Vriendelijk knikkend en af en toe ‘good morning’ wensend liep ik langs de gewapende bende, intussen om me heen speurend naar een tafeltje.
“Ja”, riep ik iets te luid en zag links en rechts de handen al naar de wapens flitsen.
Haastig liep ik op het lege tafeltje af, intussen de oude van dage in de gaten houdend die vanuit een andere richting ook die kant op bewoog. Gelukkig stond het tafeltje helemaal aan de periferie en had ik al snel gezien dat mijn gedateerde tegenstander kansloos was. Snel gooide ik de ‘blauwe identificatiekaart’ midden op de tafel en hield het met een pepervaatje op zijn plek. Voor de zekerheid zette ik ook het zoutvaatje erbij en ging op zoek naar Hitty om haar van mijn overwinning op de hoogte te stellen.

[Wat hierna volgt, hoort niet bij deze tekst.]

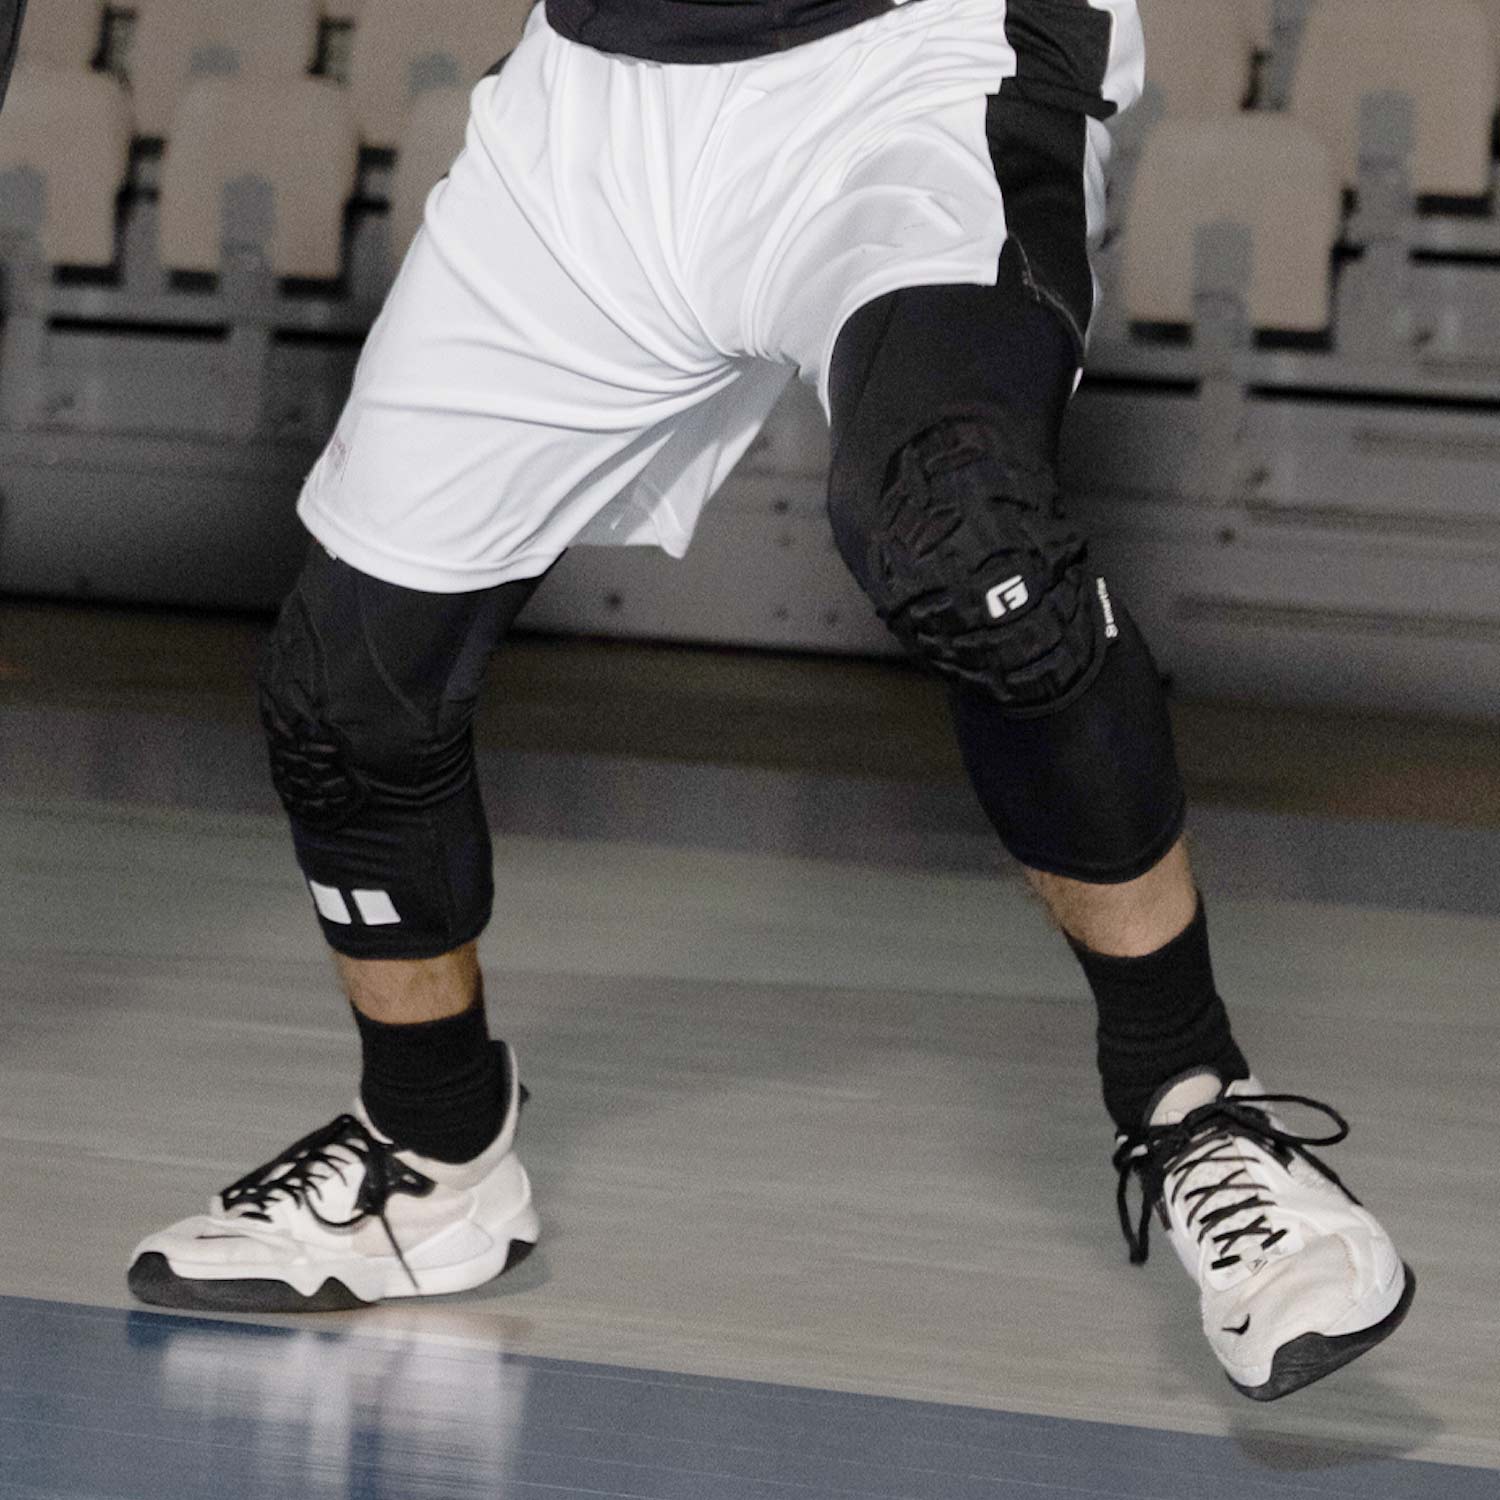 COOLOMG Boys 3/4 Basketball Compression Pants with Knee Pads

Ze was helemaal aan de andere kant van de zaal en liep op me toe toen ze mijn triomfantelijk zwaaiende arm zag. Ik wees haar ons tafeltje en tegelijk ook naar de radeloos om zich heen turende door mij verslagen senior, en spoedde me naar de frisdranken afdeling voor een gezond glas sinaasappelsap.
Terug bij ‘onze’ tafel boog ik me licht voorover om de glazen op hun plek te zetten en terwijl ik dat deed voelde ik twee tikken op de bovenste buitenkwadrant van mijn linkerbil. Omdat ik de tikken negeerde volgden er weer twee, nu iets harder en zo het leek ook iets lager, terwijl een mannenstem zei: “Je moet je kaartje niet in het midden leggen, maar aan de rand van de tafel.”
Terwijl ik me omdraaide vervolgde hij zijn zin met: “Ik heb al twee mensen weggestuurd die er wilden gaan zitten.” Ik bedankte de man vriendelijk, maar dacht: Wat een lariekoek. Ten eerste moet ik helemaal niks en ten tweede ben ik heel goed in staat om ze zelf weg te sturen mochten ze toch zijn gaan zitten, en ging weer weg om mijn bord vol te scheppen met een ‘English Breakfast.
Teruggekomen bij ‘mijn’ tafel zag ik dat zijn vrouw zich bij hem had gevoegd en ik herkende haar als degene die ‘tuut tuut tuut gehaast’ naar het naastgelegen zwembad was gesneld om daar twee ligbedden in de zon te claimen door er handdoeken overheen te leggen.
“Ben je hier pas?” vroeg ze en voor ik kon antwoorden vervolgde ze met: “Je hoort een nieuw tafellaken te krijgen hoor!”
Haar eerste vraag beantwoordende ik door op mijn gebruinde gezicht te wijzen, maar daar nam ze geen genoegen mee, dus stelde ze de vraag opnieuw. Gespeeld vriendelijk vertelde ik haar dat ik al een week van de zon had genoten en daar, door het dragen van de zonnebril, een wasbeerachtige afdruk op mijn gezicht aan had overgehouden. Ik wees hen daarna op de rondrennende bediening, die nauwelijks aan de vraag van de meute kon voldoen en vertelde dat die het al zo druk had en dat het tafelkleedje op mijn tafeltje nog nauwelijks besmet was.
“O,” zei ze.
“Ja, die heb je er ook,” zei haar man zich verder met zijn eigen zaken bemoeiend, waarop ik terug dacht aan de vitrine met brood, boter, diverse soorten kaas en vleeswaren, Spaanse omelet, gebakken, gekookte, gepocheerde eieren, komkommer, tomaten en nog meer van dat lekkers, en me bedacht dat daarbij de pil van Drion ontbrak.
Intussen was Hitty aangeschoven. We aten zwijgend totdat de twee ‘indringers’ waren vertrokken en ik los kon gaan. Nog wel op gedempte toon want de ‘indringers’ stonden een aantal tafeltjes verderop weer anderen te irriteren, en het was nu ook weer niet zo’n zwaar incident om daarmee de hele goegemeente van slag te brengen.
“Pas twee koppen koffie op en dan al dit gezeik,” fluisterde ik.
“En dat toontje van ze,” zei Hitty, zich meteen realiserend dat ze het daarmee nog een ietsepietsie erger maakte.
Nog namopperend hoorde ik dat de Bee Gees één van hun tophits uit de speakers knalden.
‘Wo, wo, wo, wo… staying alive, staying alive…’ galmde het door de zaal en Ik kon een grijns niet onderdrukken. En om me nog meer op te vrolijken vertelde Hitty dat op de reanimatiecursus in haar ziekenhuis het tempo van de hartmassage wordt aangegeven op de tonen van ‘Staying Alive’, en ja… natuurlijk kan je ook mij dan wegdragen.